お酒について言えば、昨年(2010年)は「ハイボール(ウイスキー)」の年でしたね。
ハイボールブームが頂点に達し、凋落を続けてきたウイスキーの消費量に歯止めがかかりました。最近は、わざわざ作らなくても、すぐに飲める「缶入りハイボール」が好調に売れており、今年も引き続きハイボール人気が続きそうです。
そして、今年の注目株はおそらく「マッコリ」。
従来、韓国料理店など限られた場所でしか飲めなかったマッコリですが、昨年、酒販店やネットで気軽に買えるようになったおかげで、消費量が一気に拡大しつつあります。
マッコリは日本ではある意味、「新しいお酒」ですね。韓国では「男性労働者のお酒」というイメージが強いのですが、日本では、マッコリの名前くらいは皆知っていても、そこから連想されるイメージが希薄なのを逆手に取り、「女性向けのおしゃれなお酒」というブランドイメージの確立に成功しつつあります。おかげで、女子を取り込みたい居酒屋等での扱いも増えています。

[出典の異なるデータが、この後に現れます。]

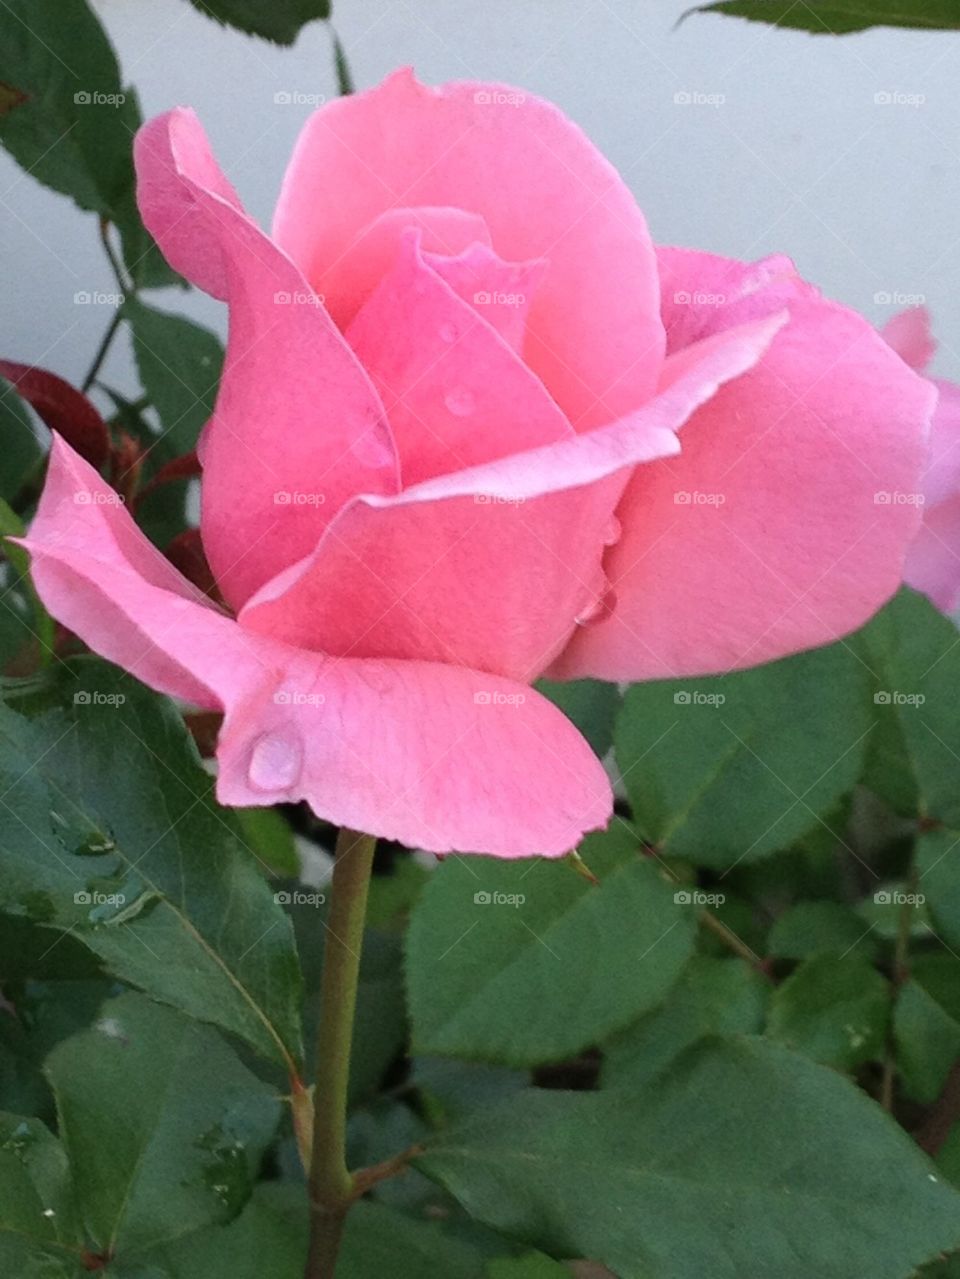 Pink antique rose
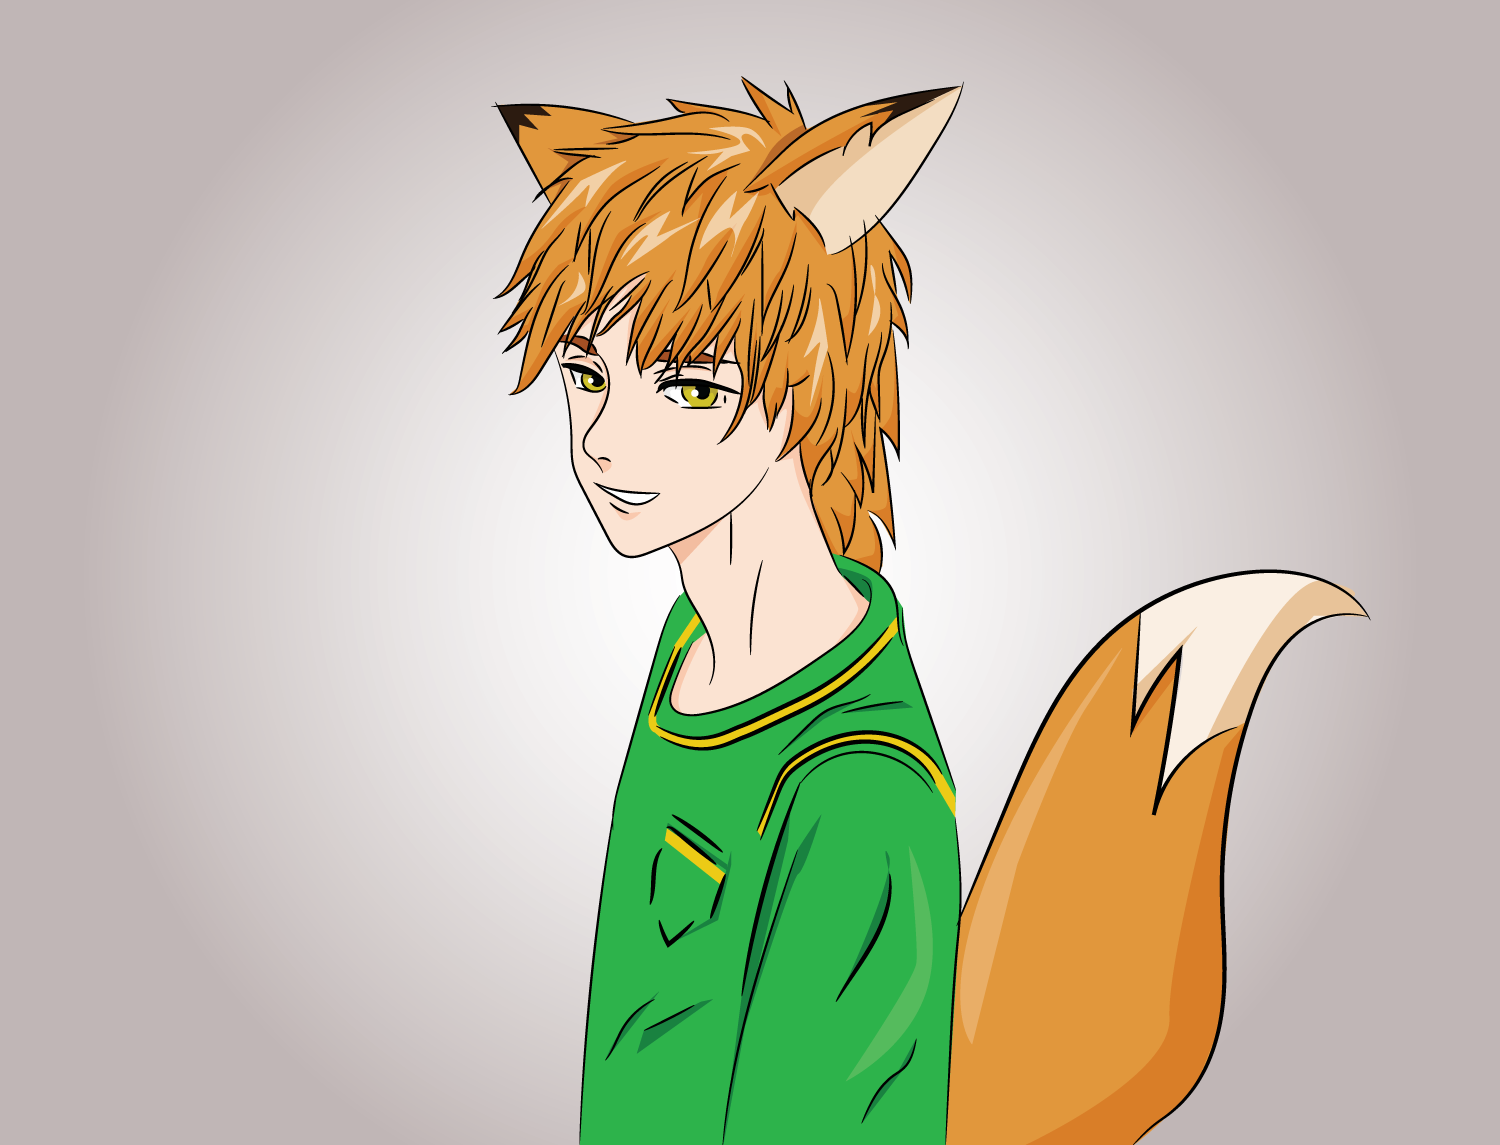 fox.png

しかも、業界大手のサントリーも3月22日に、微炭酸の缶マッコリ「ソウルマッコリ」を掲げてマッコリ市場に本格参入。というわけで、今年、「マッコリブーム」が起きる可能性は非常に高いのではないかと思います。
こんな中、相変わらずの消費低迷に苦しんでいるのが日本酒です。
海外では、和食ブームとともに日本酒も大人気です。「日本酒ブーム」とも呼べる状況であり、日本酒の輸出は過去最高になった模様です。
しかし、日本国内では完全に「通」のためのお酒。高品質・高価格のプレミアム系日本酒はそれなりに売れているものの、日本酒全体の消費量の減少は悲惨なものがあります。実際、日本酒の国内消費量は、1995年度が126万キロリットル、2008年度は62万キロリットルと半減しています。ここ数年も、引き続き減少しているのは間違いないでしょう。
さて、きちんと調査をしたわけではないので「仮説」の領域を出ませんが、日本酒が抱えている問題は、かってのウイスキーとほぼ同じと考えられます。
すなわち、以下の3つの問題点です。
(1)飲みにくい(ウイスキーほどでないにしてもアルコール度数高め)
(2)食事に合わない(和食には合うが、洋食にはNG)
(3)おじんのイメージ
ウイスキー業界では長年、ウイスキーの「品質」や「味わい」を中心に訴求してきました。しかし、それは、ウイスキーの既存飲用者にとっては「当たり前」のことであり、一方で、若年層を中心とする非飲用者には響かなかった。このため、プレミアム系のお酒は根強い人気があったもののウイスキー市場全体の縮小をくい止めることはできなかったのです。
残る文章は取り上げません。